### WHAT YOU SHOULD DO
Begin at the line holding "<p> <strong>Color</strong>: Multicolored<br><strong>Recommended" and set down exactly each line through the last one below, omitting pictures. Include nothing else.

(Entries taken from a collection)
*** Begin section ***

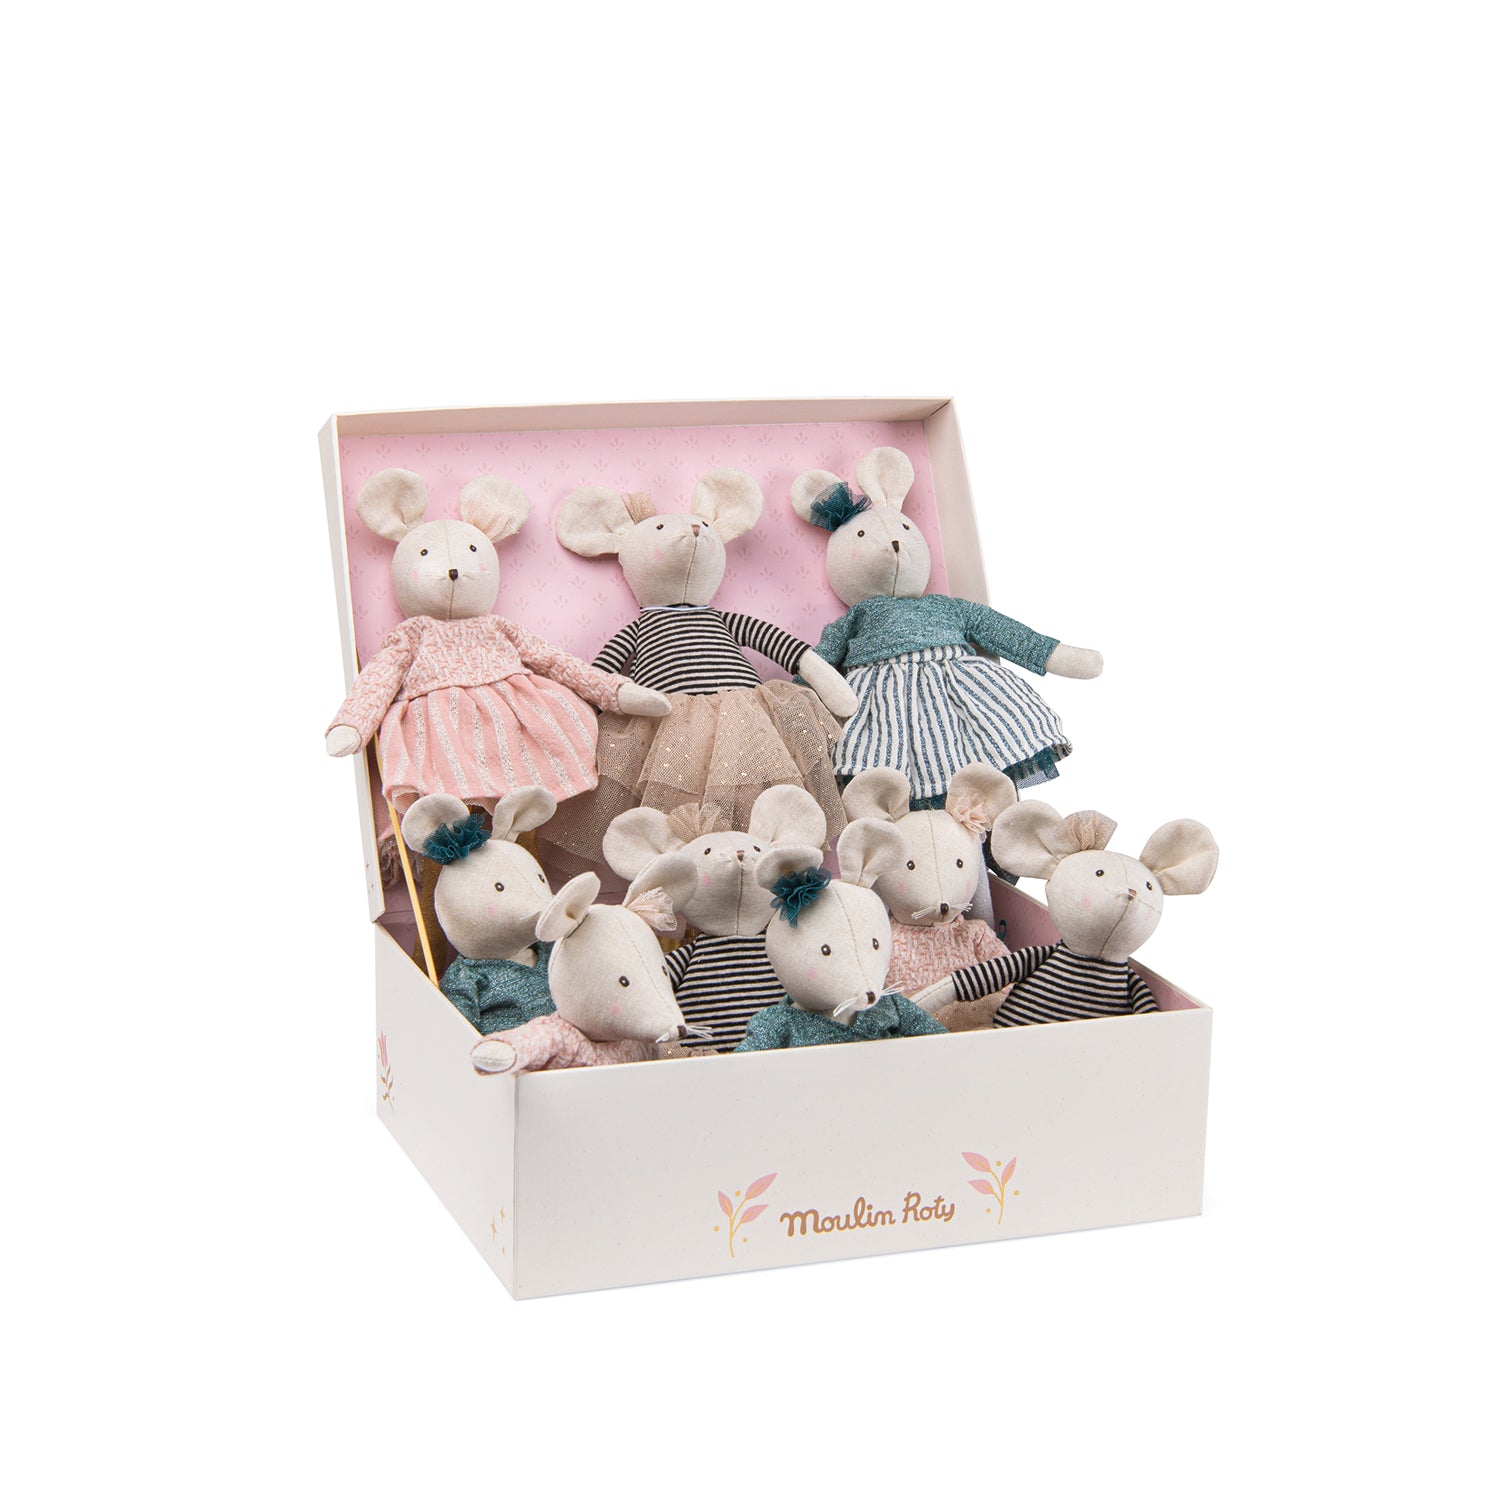 <h5>Description</h5>
<p>In this new collection, this is an assortment of 9 little mice with delicately powdered cheeks (pink, blue and gold), dressed in their dance outfits and accessories.<br>They come in a pretty display box featuring the sweet illustrations of the Little School of Dance collection.  </p>
<h5>Specifications</h5>
<p> <strong>Color</strong>: Multicolored<br><strong>Recommended Age</strong>: 0+<br><strong>Material</strong>: Cotton, Polyester, elastane, polyamide, metallic fibers<br><strong>Size (inches)</strong>: L: 7 x W: 15 x H: 3<br><strong>Weight (lbs)</strong>: 0,79<br><strong>Care instructions</strong>: Machine washable at 30°C on wool cycle.No tumble dry.</p>
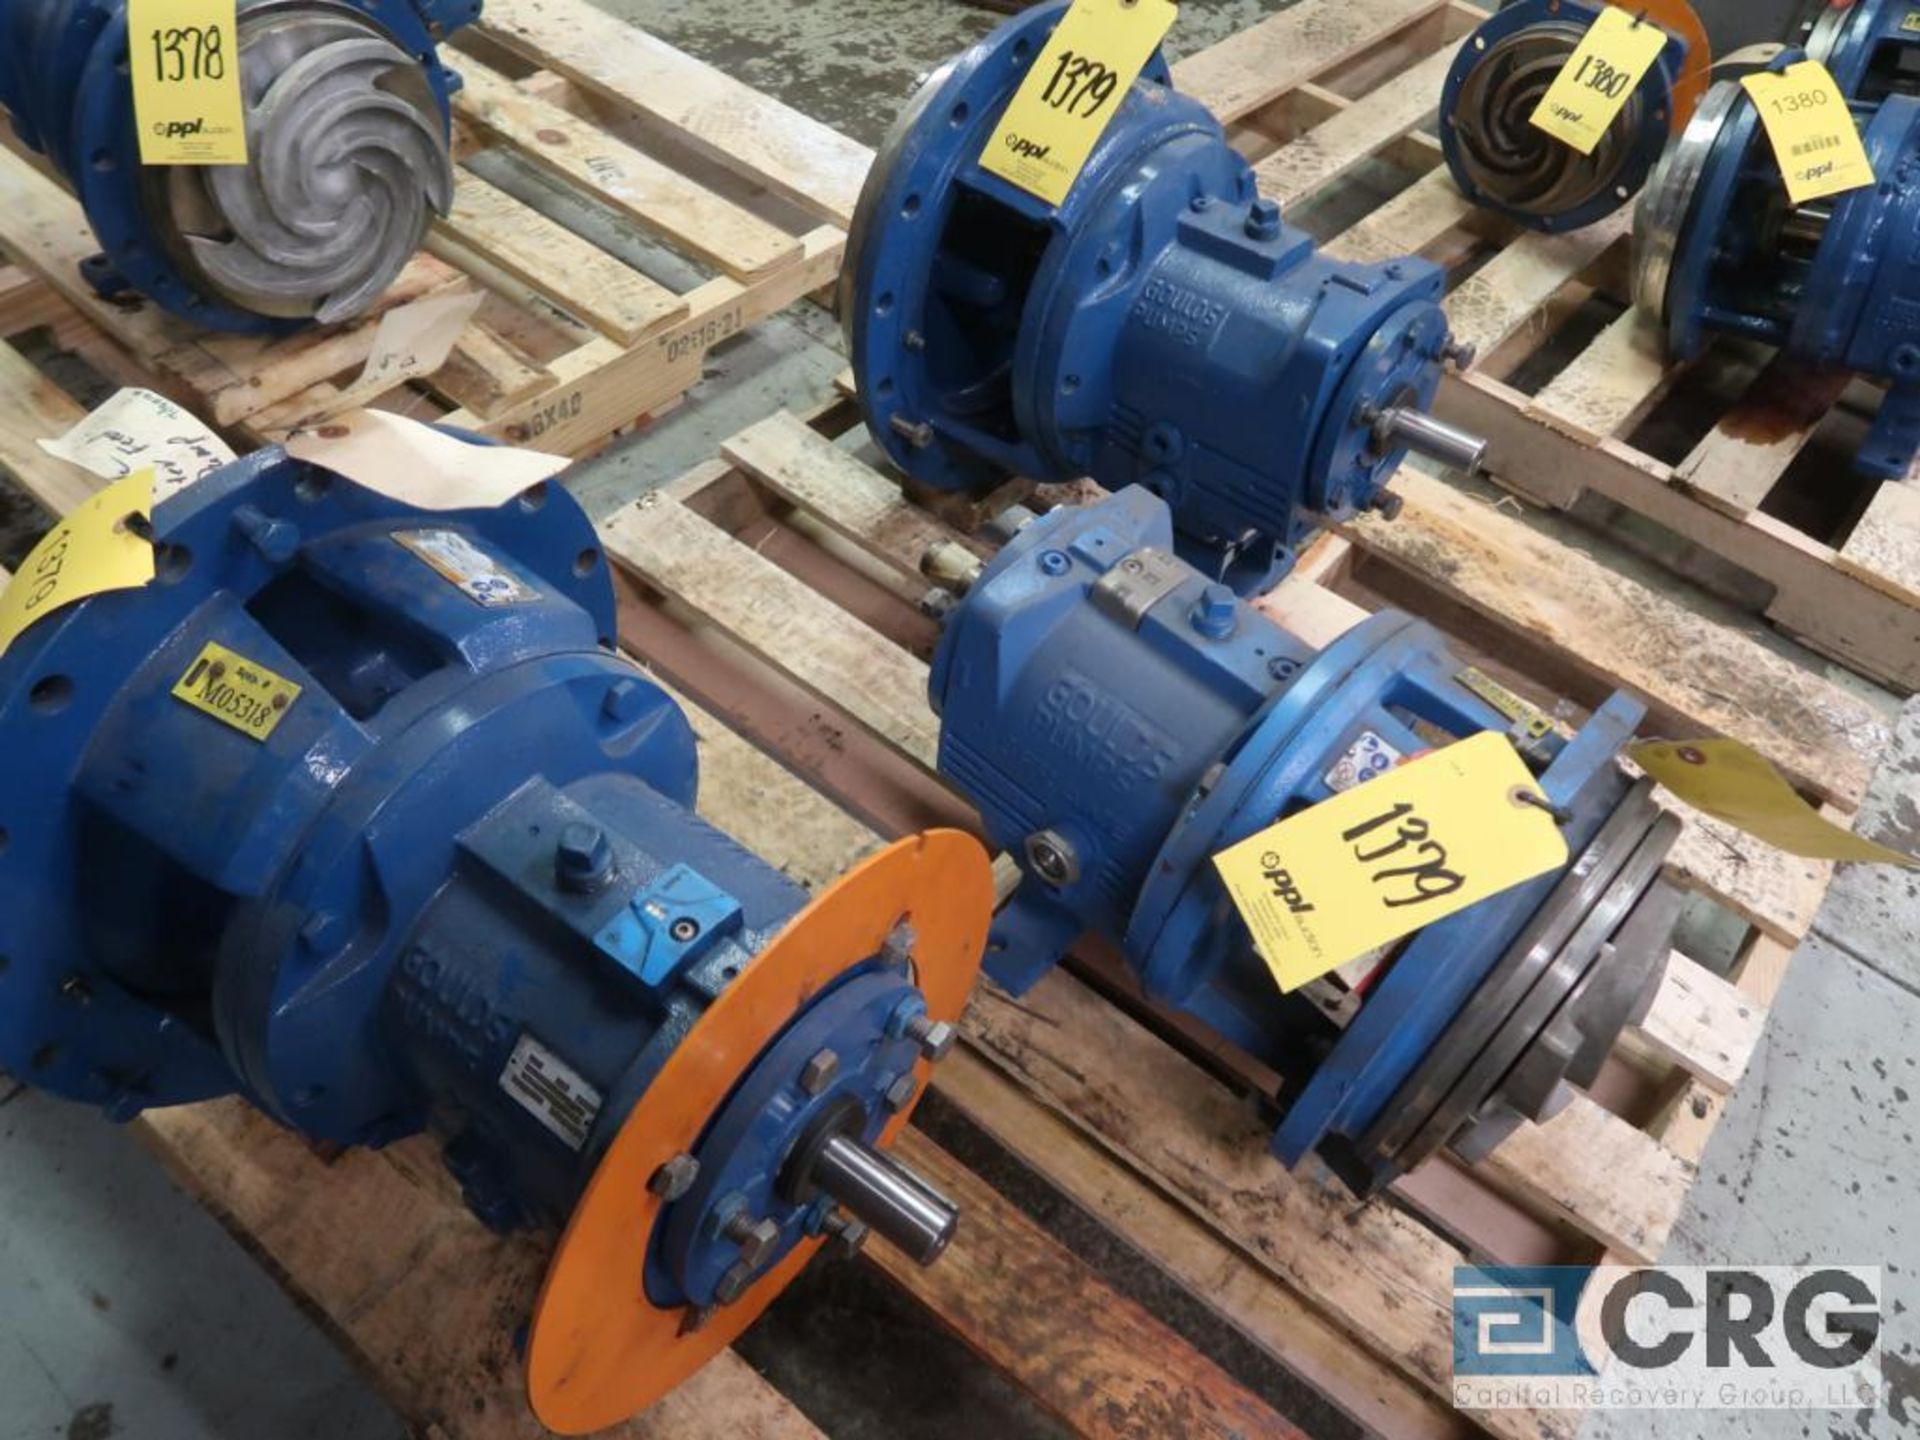 Lot of (3) Goulds 3196 MTI pumps, (2) 13 in., and (1) 10 in. (Basement Stores)
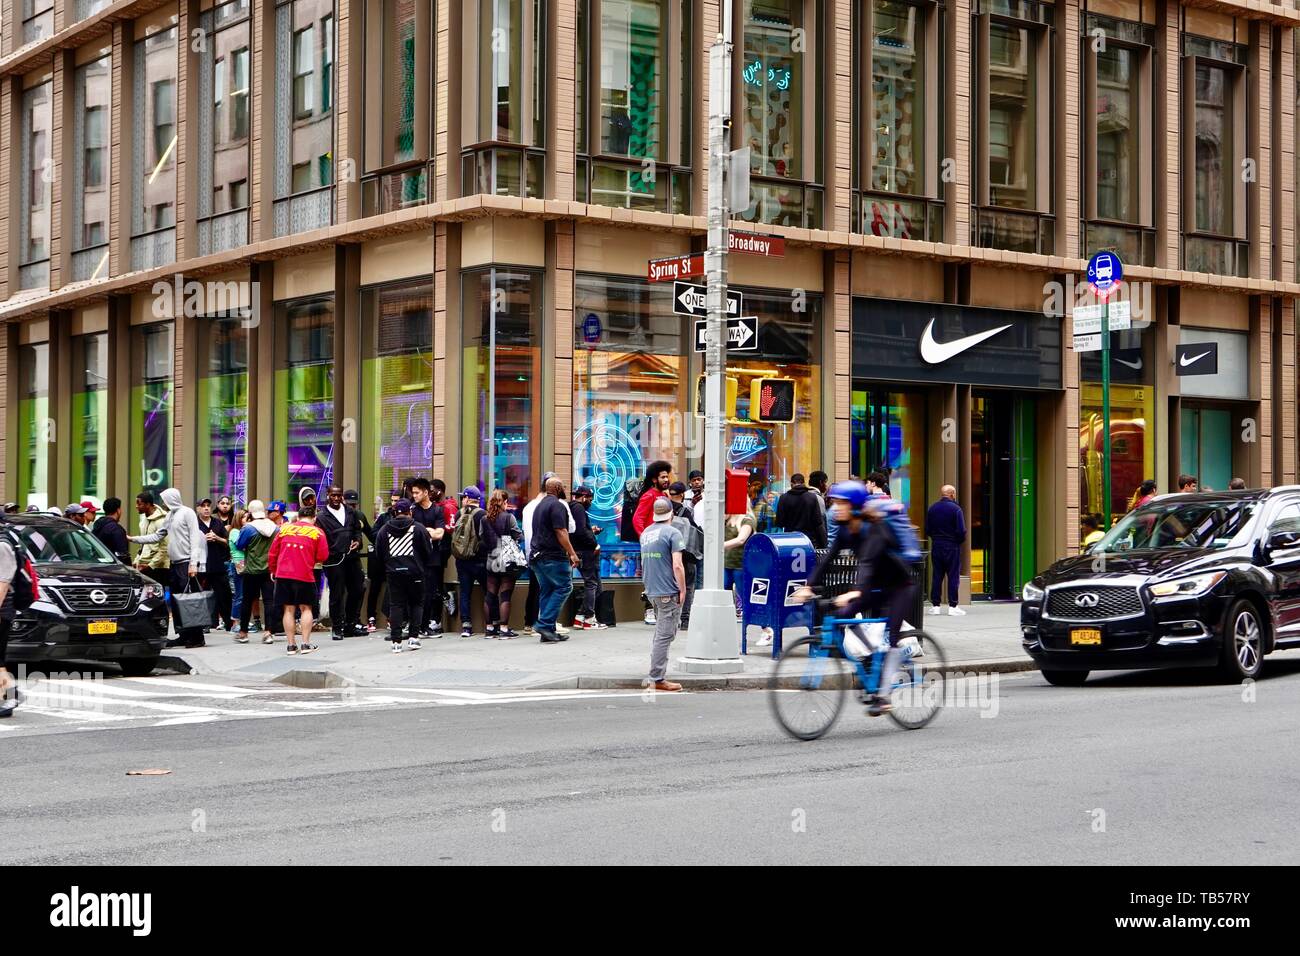 Nike Store High Resolution Stock Photography and Images - Alamy
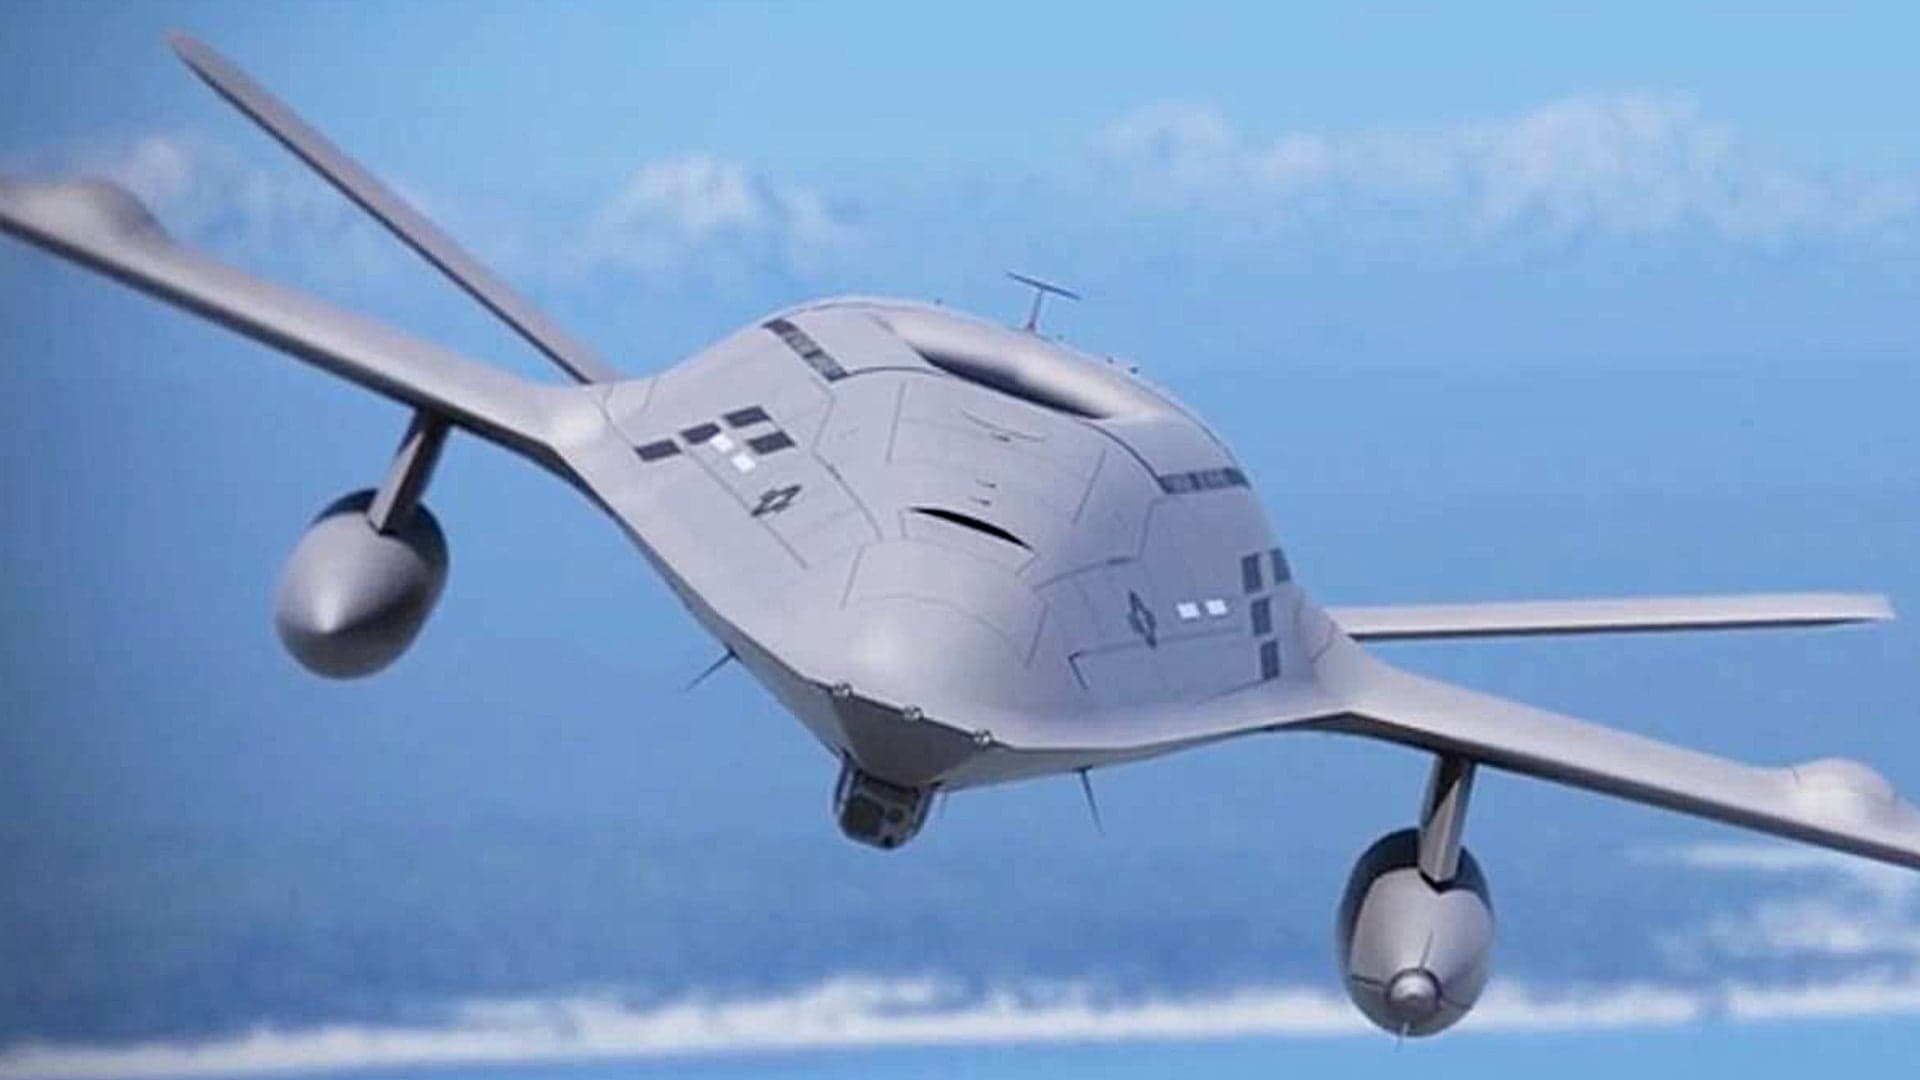 Boeing Is The Winner Of The Navy’s MQ-25 Stingray Tanker Drone Competition (Updated)

*** End section ***

### RESPONSE BELOW
<p> <strong>Color</strong>: Multicolored<br><strong>Recommended Age</strong>: 0+<br><strong>Material</strong>: Cotton, Polyester, elastane, polyamide, metallic fibers<br><strong>Size (inches)</strong>: L: 7 x W: 15 x H: 3<br><strong>Weight (lbs)</strong>: 0,79<br><strong>Care instructions</strong>: Machine washable at 30°C on wool cycle.No tumble dry.</p>
 Lot of (3) Goulds 3196 MTI pumps, (2) 13 in., and (1) 10 in. (Basement Stores)
 Nike Store High Resolution Stock Photography and Images - Alamy
 Boeing Is The Winner Of The Navy’s MQ-25 Stingray Tanker Drone Competition (Updated)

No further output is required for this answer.